New ECGI technique to image heart activity

Matthijs Cluitmans, PhD researcher and a doctor at the Hart + Vaat Centrum at Maastricht UMC+, successfully created a three-dimensional image of a patient's beating heart using non-invasive electrocardiographic imaging (ECGI).

Cardiovascular disease is one of the leading causes of death worldwide. Maastricht UMC+ has an excellent reputation in the field of cardiovascular research and treatment, thanks in part to its close collaboration with the Cardiovascular Research Institute Maastricht (CARIM) and Maastricht University's Department of Data Science and Knowledge Engineering.

Imaging plays an important role in diagnosing cardiovascular disease, which is what makes ECGI so relevant. ECGI is a step up from the well-known electrocardiogram (ECG) and can reveal more details about the electrophysiology of the heart than an ECG is capable of.

The technique has been applied in a clinical setting to determine the origin of 'skipped beats' and to create a more effective treatment plan for that specific arrhythmia. Cardiologists who treat arrhythmias by threading a catheter from the groin to the heart can find their target more easily using ECGI and no longer have to search for the location of the arrhythmia. Cluitmans also used ECGI to illustrate a link between problems in the heart's electrical recovery phase and the risk of developing cardiac arrhythmias and sudden cardiac arrest.
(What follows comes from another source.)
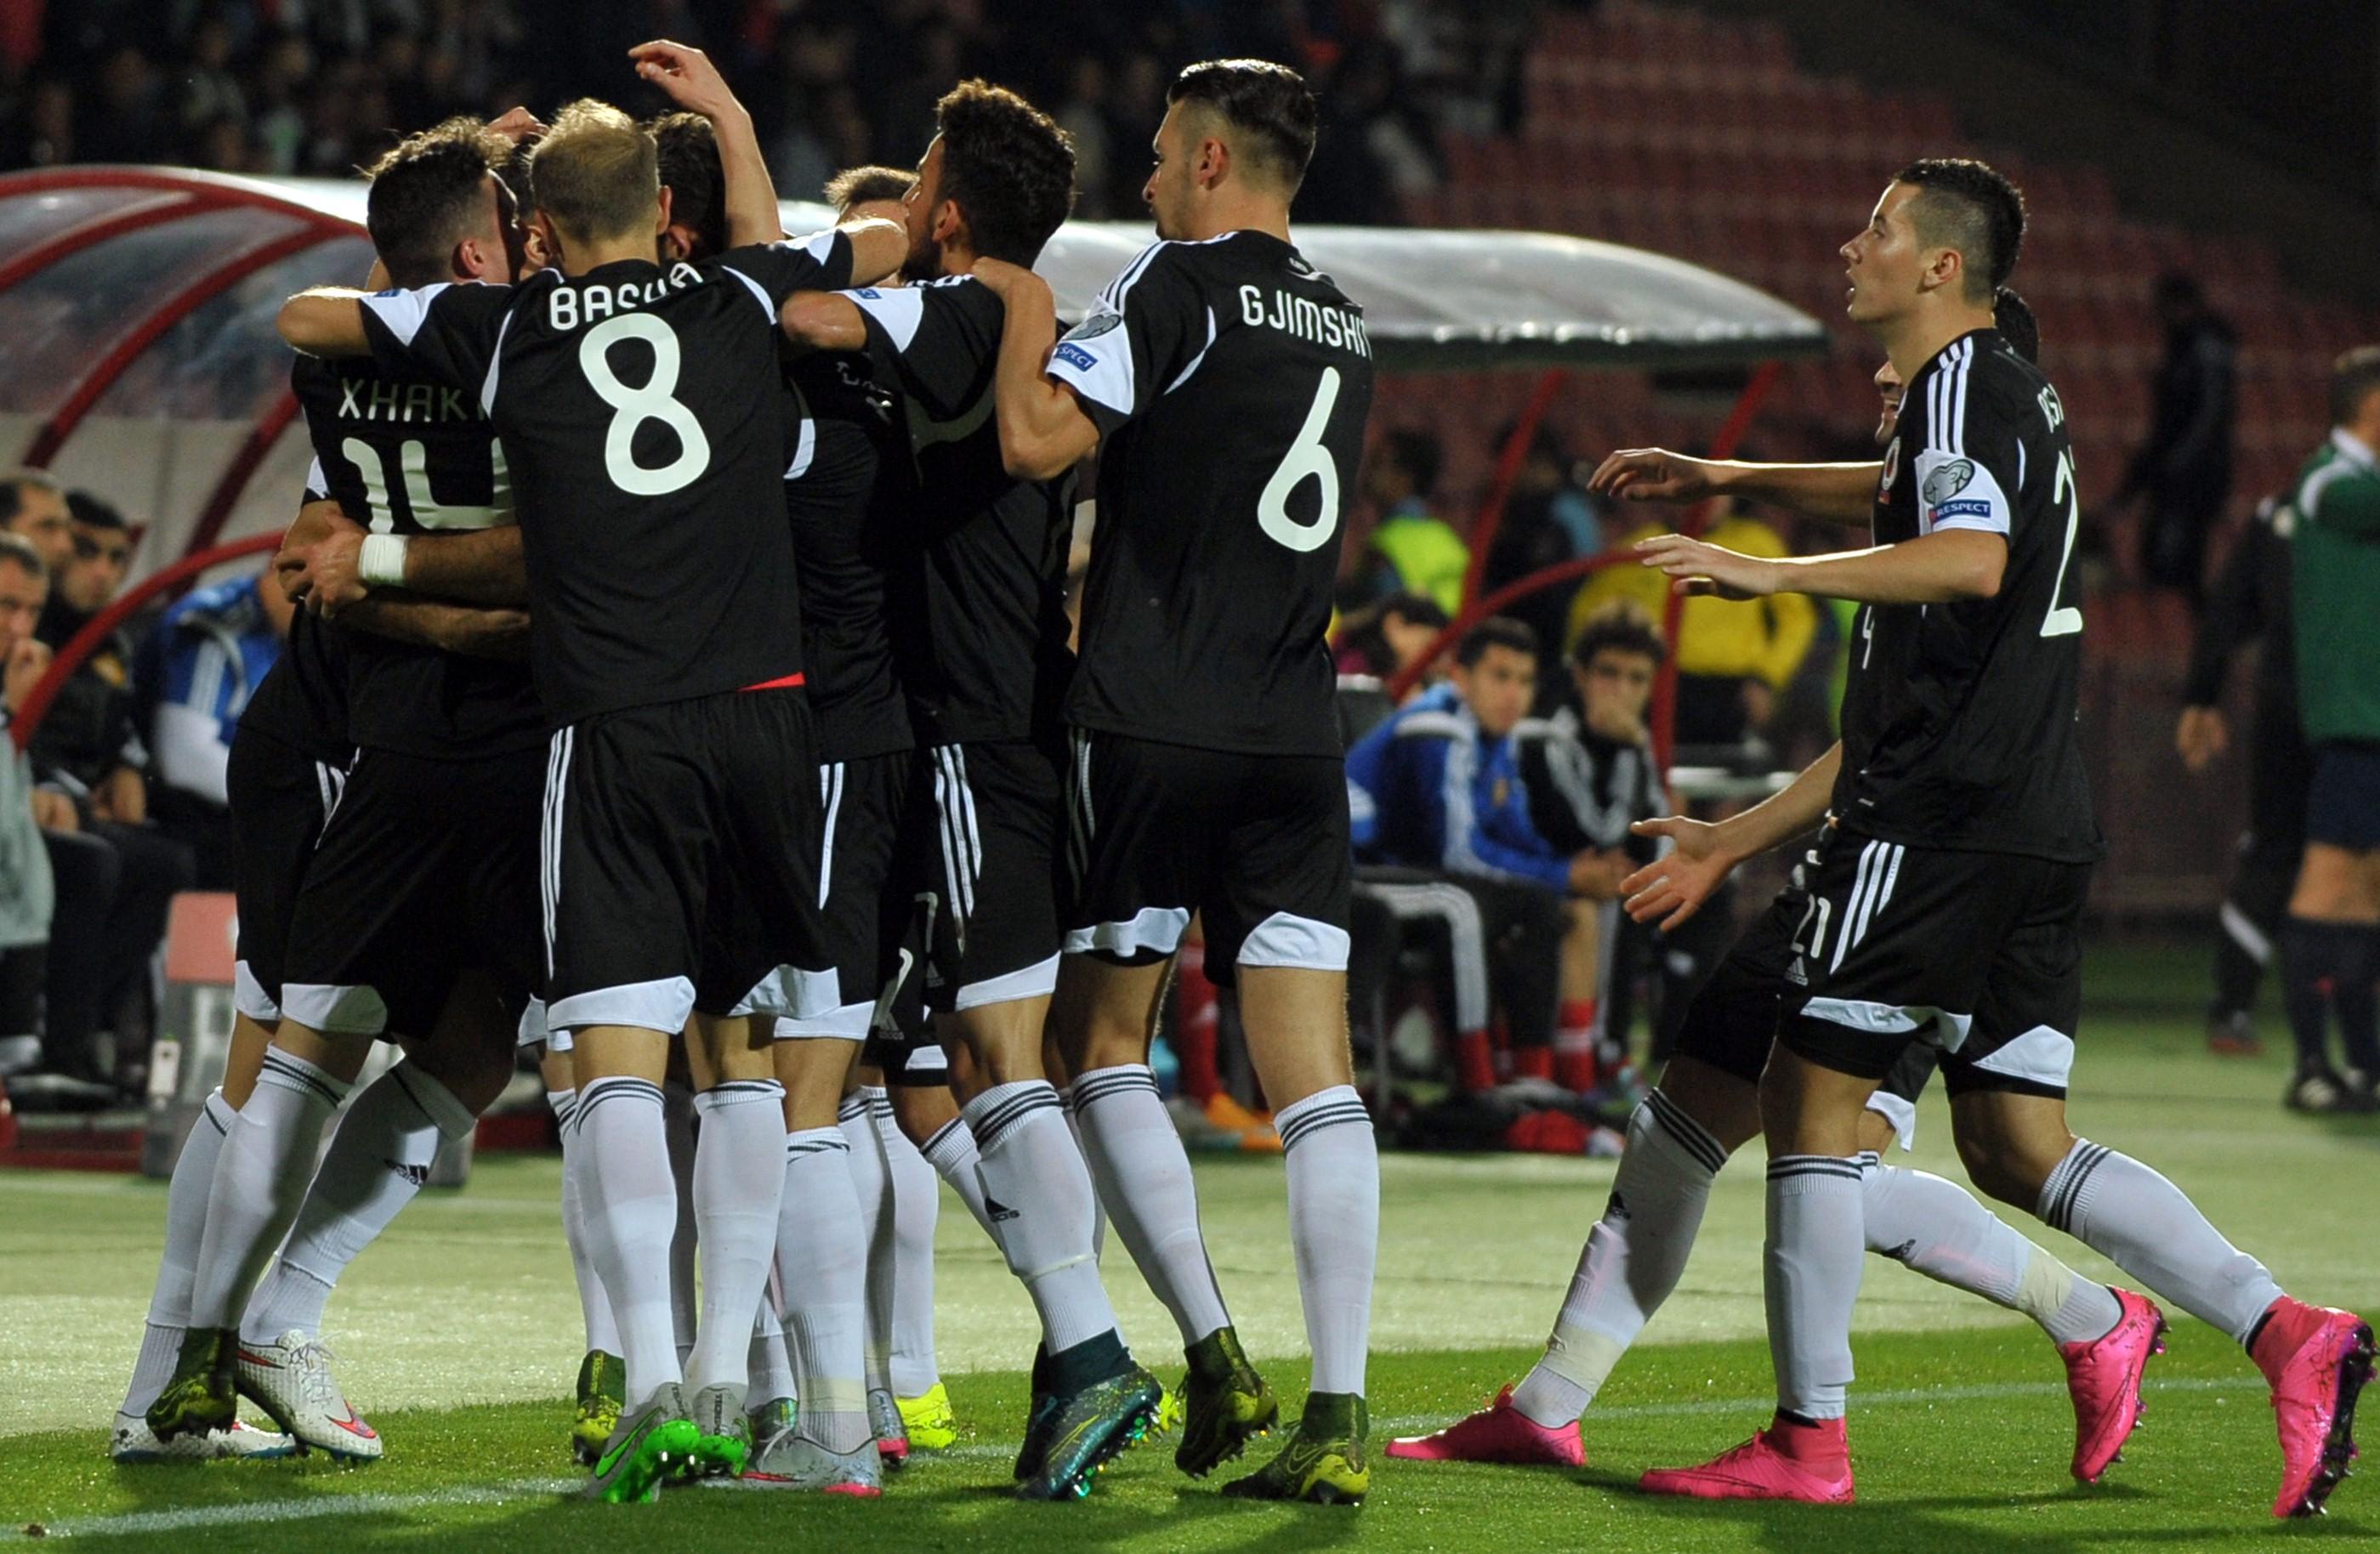 Албания выходит на Евро-2016

The insights currently provided by ECGI will be studied in large patient populations in the next few years.

Cluitmans studied medicine and applied mathematics and acquired the knowledge and skills to carry out innovative medical technology research. For the application and improvement of the ECGI technique, he and his team were presented with the Clinical Needs Translational Award (CTA) by the European Society of Cardiology (ESC) and Computing in Cardiology (CinC). This award will be conferred in Rome on 29 August and will also recognise the collaboration between the research groups at Maastricht UMC+ and leading American research institutes in Boston. The CinC previously presented Cluitmans with the Rosanna Degani Award for young researchers. He hopes to obtain his PhD from Maastricht University this September for his research on cardiology and high-tech imaging.